Directions for this task >> Return the lines of the data below, from the one containing "Carhartt Black Cotton" through the very last, exactly and with both ends included; no pictures.

Records for this task >>
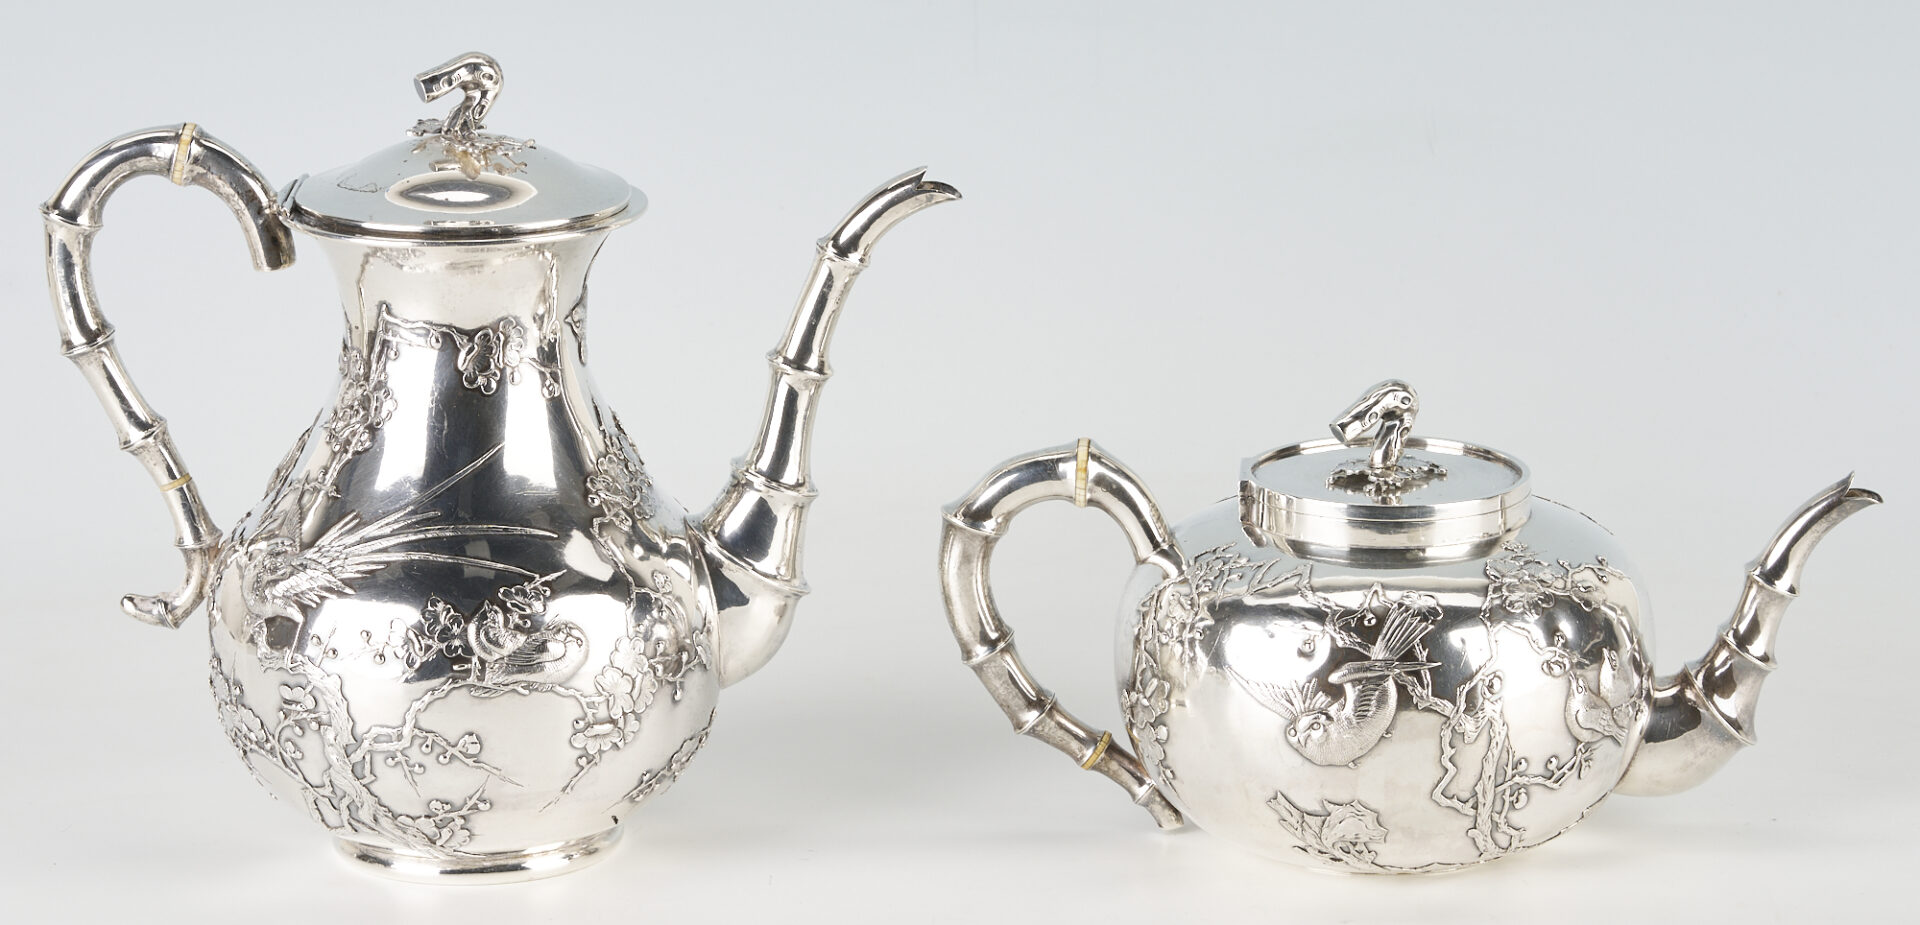 Lot 1: Wang Hing Chinese Export Silver Tea Set with Tray
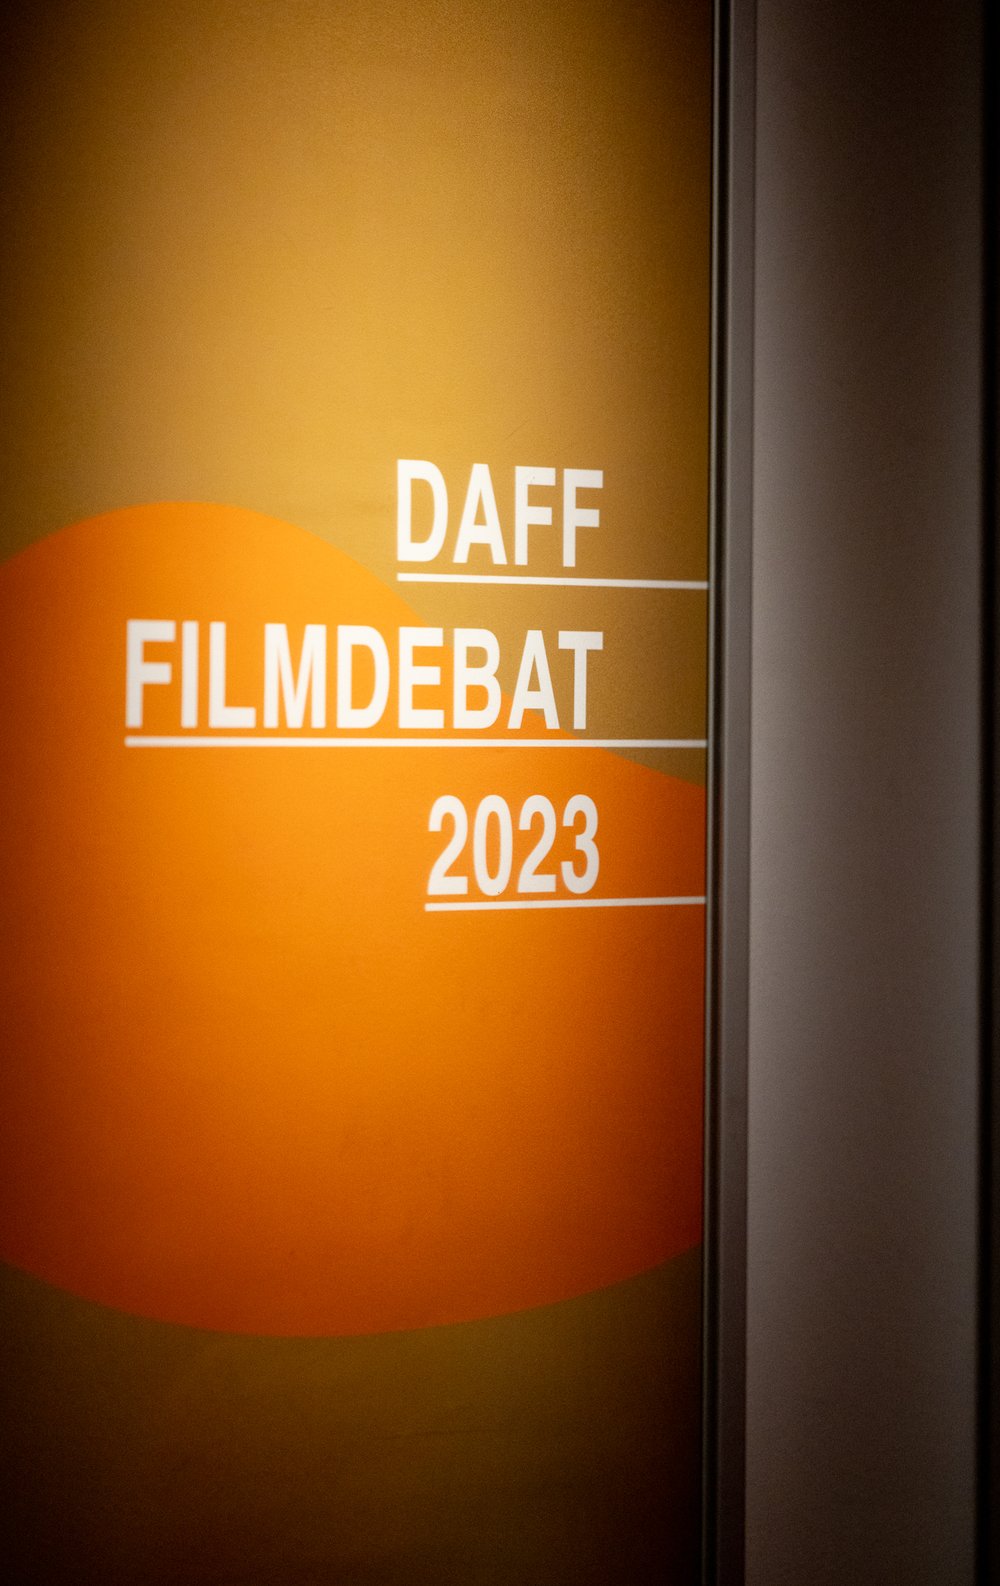 DAFF Filmdebat 2023 LR-036.jpg
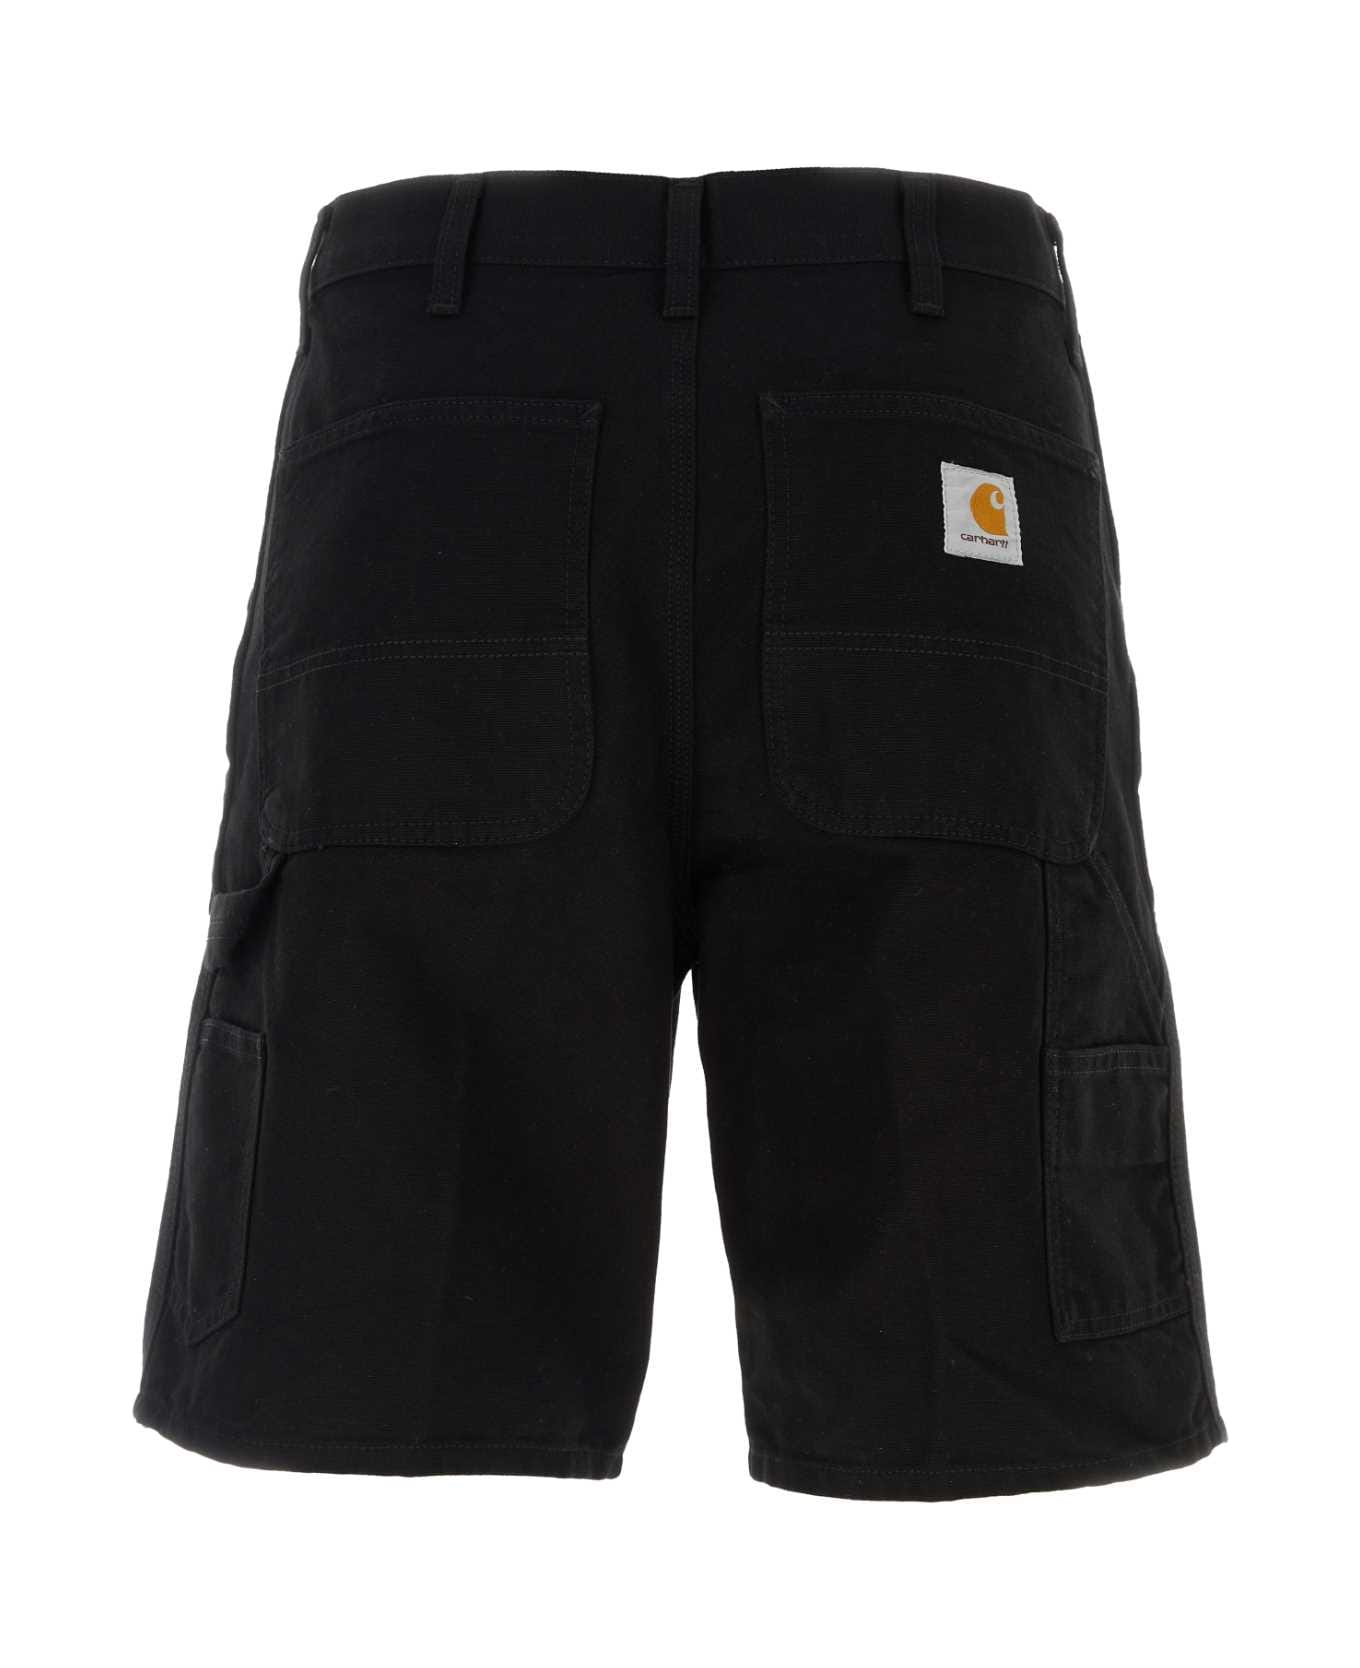 Carhartt Black Cotton Single Knee Short - Black
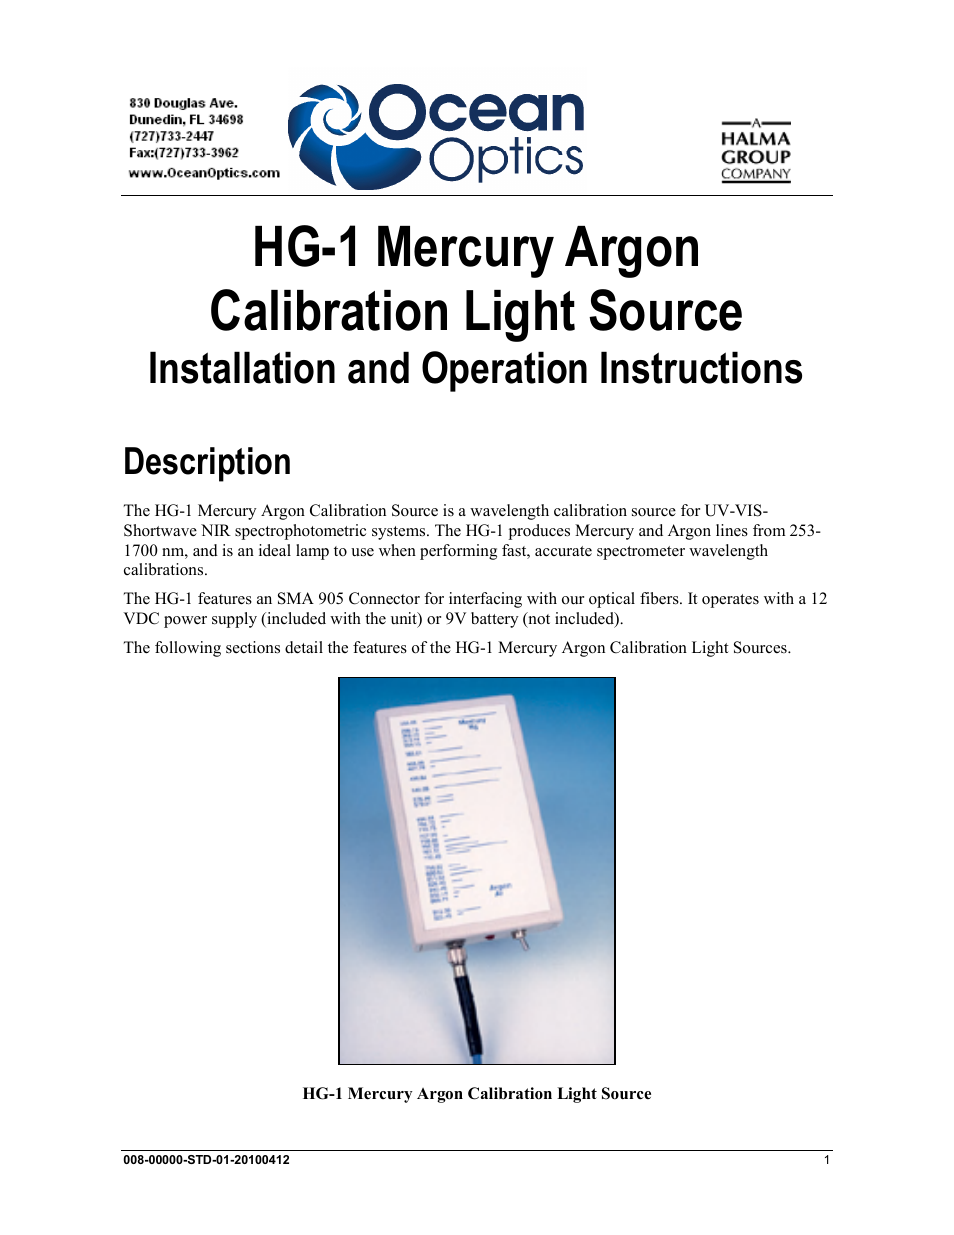 HG-1 Mercury Argon
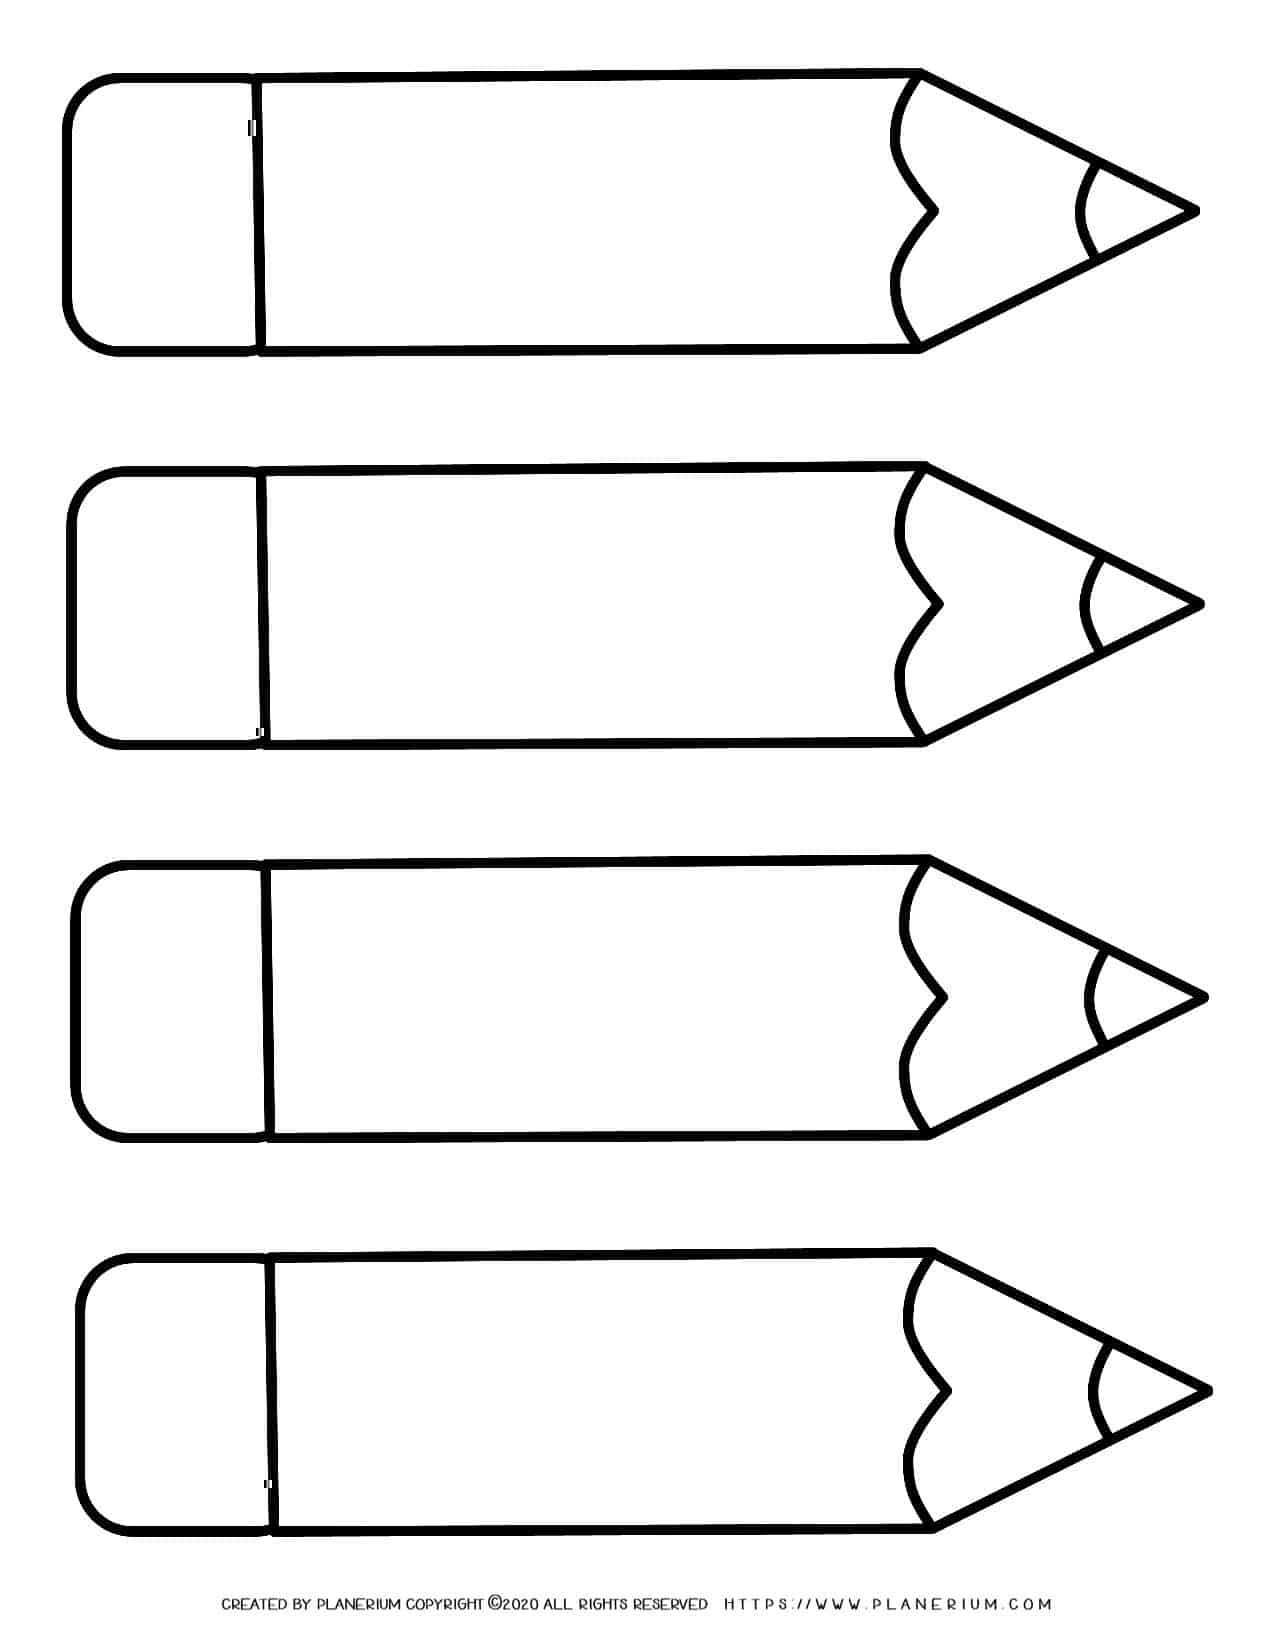 Four Pencils Template Planerium

Response to the exercise >>
 Carhartt Black Cotton Single Knee Short - Black
 HG-1 Mercury Argon
 Four Pencils Template Planerium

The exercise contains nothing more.